As Jerry Remy pointed out at the end of the year, Boston is “probably the only place in the country where there’s a baseball story in both papers every single day of the offseason.” That’s a lot of column inches to fill, and not a lot of news to fill them with. Which is why it pays to be creative.

Take the “Baseball Notes” column in Sunday’s Globe, in which we learn that…

* Manny Ramirez might be the answer to the White Sox’s left fielder problem…but only if Boston can get someone like, say, Freddy Garcia in return
* The Yankees and the Cubs might be swapping third basemen, with A-Rod going to the Chicago and Aramis Ramirez coming to New York
* Barry Bonds might be going to the Orioles, and
* Kevin Millar might be coming back to Boston (Schilling and Francona will undoubtedly head the welcoming committee).

I’m gonna go out on a limb and say the most likely scenario is that none of these things actually happen…and I’d be shocked if more than one actually did.

Still, my pet peeve of the piece is the following: “Bill Belichick might want to purchase a Tigers jersey. Jim Leyland has proven he’s the best manager in baseball.” Leyland is a great manager, and he did a good job this year…but guiding a team with three 20-HR players, two 19-HR players, and a staff with a 3.84 ERA (and two players who throw 100-MPH heat) to the playoffs does not, in itself, mean a heck of a lot. Sort of how last year’s White Sox victory didn’t mean Ozzie Guillen was a genius any more than the Marlins’ ‘03 victory meant Jack McKeon was a genius.

(Leyland is a helluva lot of fun, though. I wish I’d TiVo’d it, but in the post-game on-field presentation after the Tigers finished their mercy killing of the A’s, Leyland was asked something along the lines of whether this was the highpoint of his life.
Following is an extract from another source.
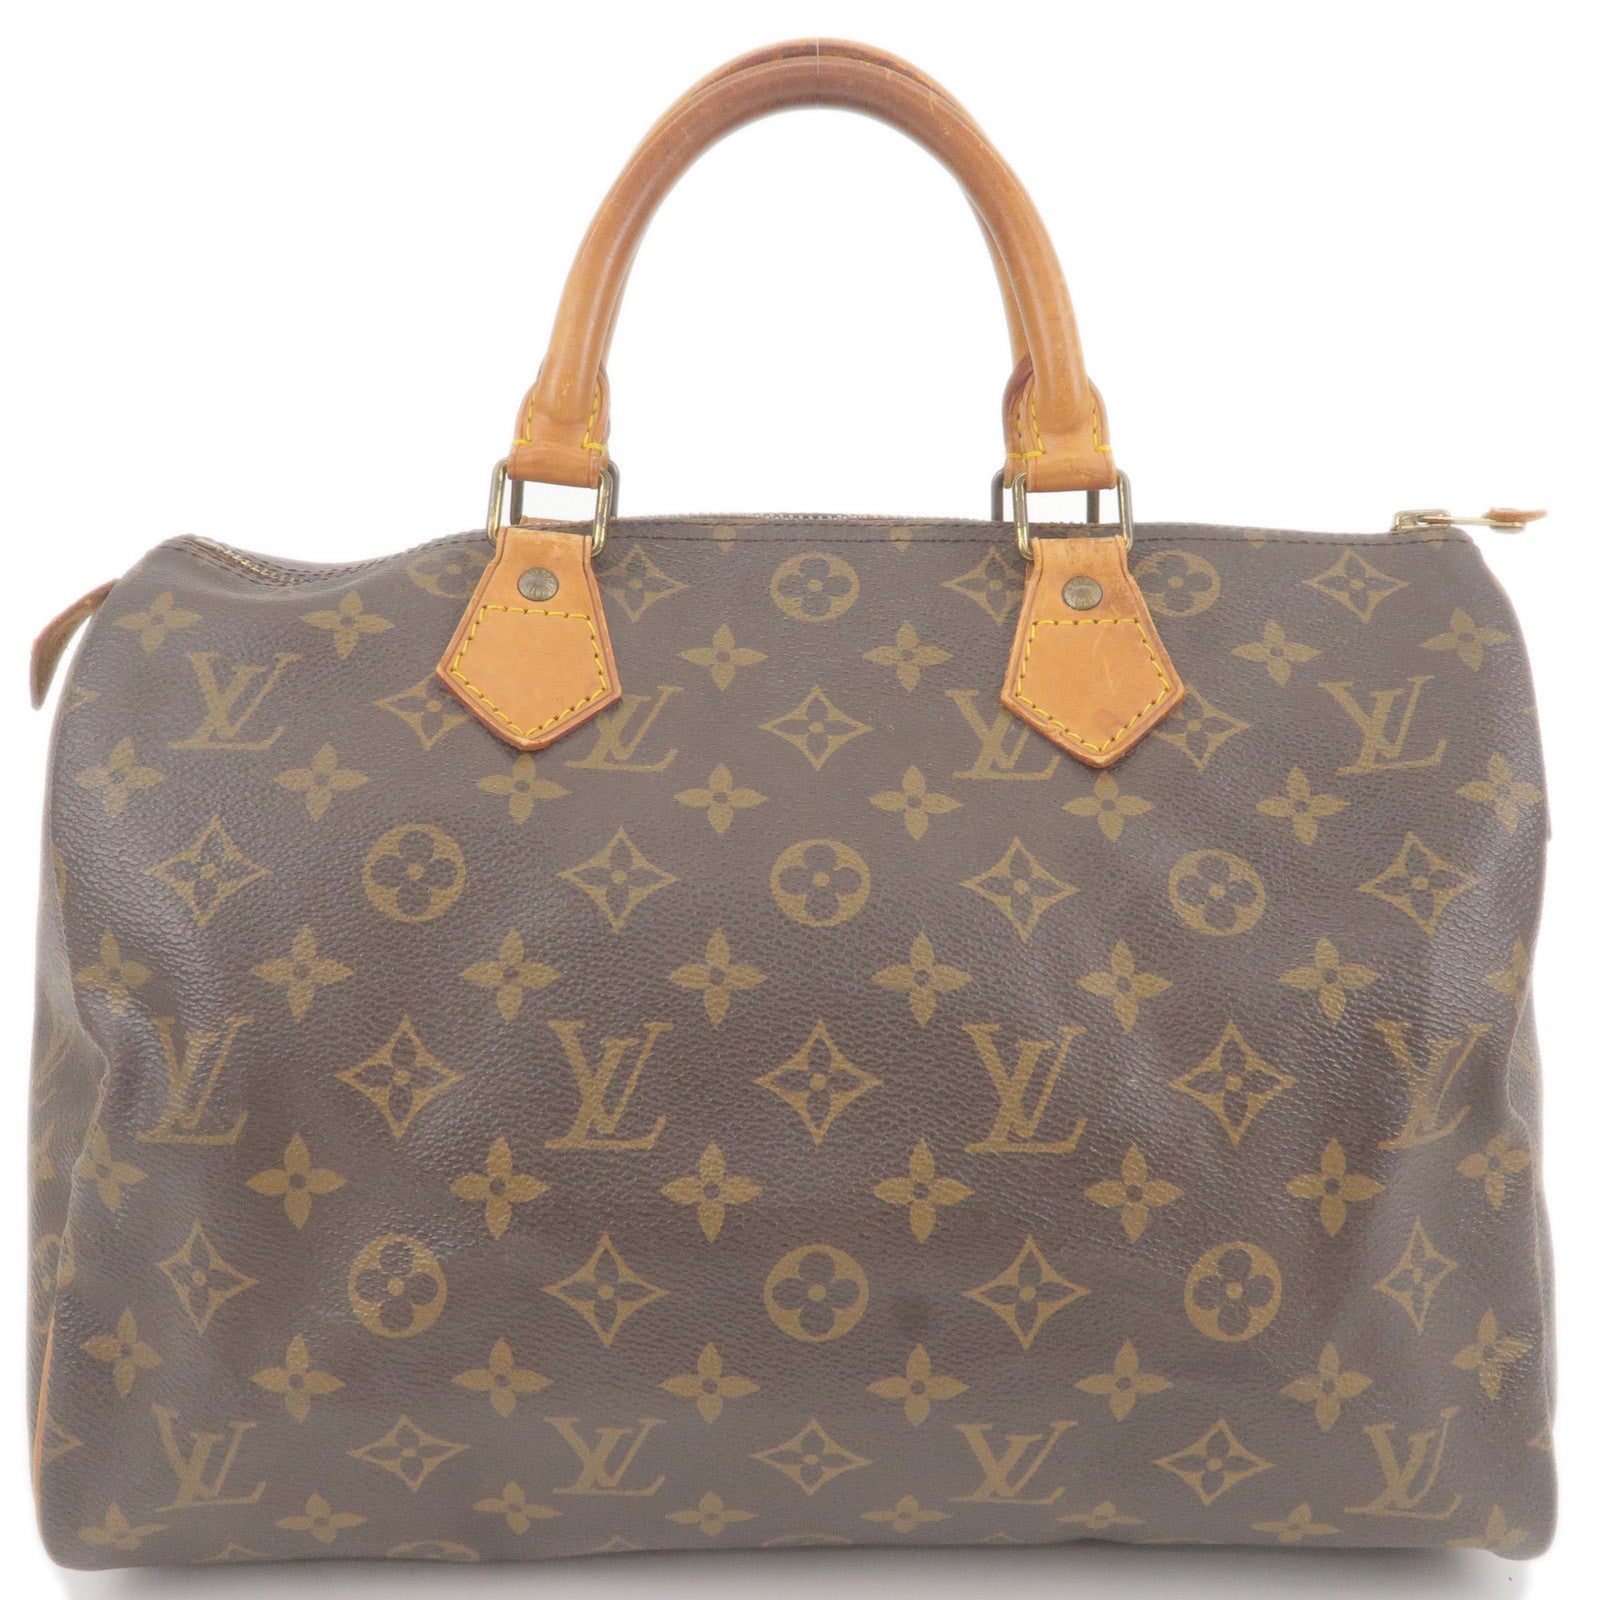 Louis Vuitton Monogram Canvas Speedy Bag 30 Pink

Leyland — who toiled in the minors for the Tigers from ‘64 to ‘69 — said something along the lines of, “No: I wanted to be Yogi Berra, not Casey Stengel.” Then he gave a wan grin and shuffled off the on-field stage. Undoubtedly to have a smoke and kiss a fan.)

Stay classy, New York: That didn’t take long

I got some grief for even hinting that the New York tabs might find some way to make light of Cory Lidle’s death. Granted, this isn’t on the front page…but once again, the Post managed to be far more tasteless than I ever could have imagined.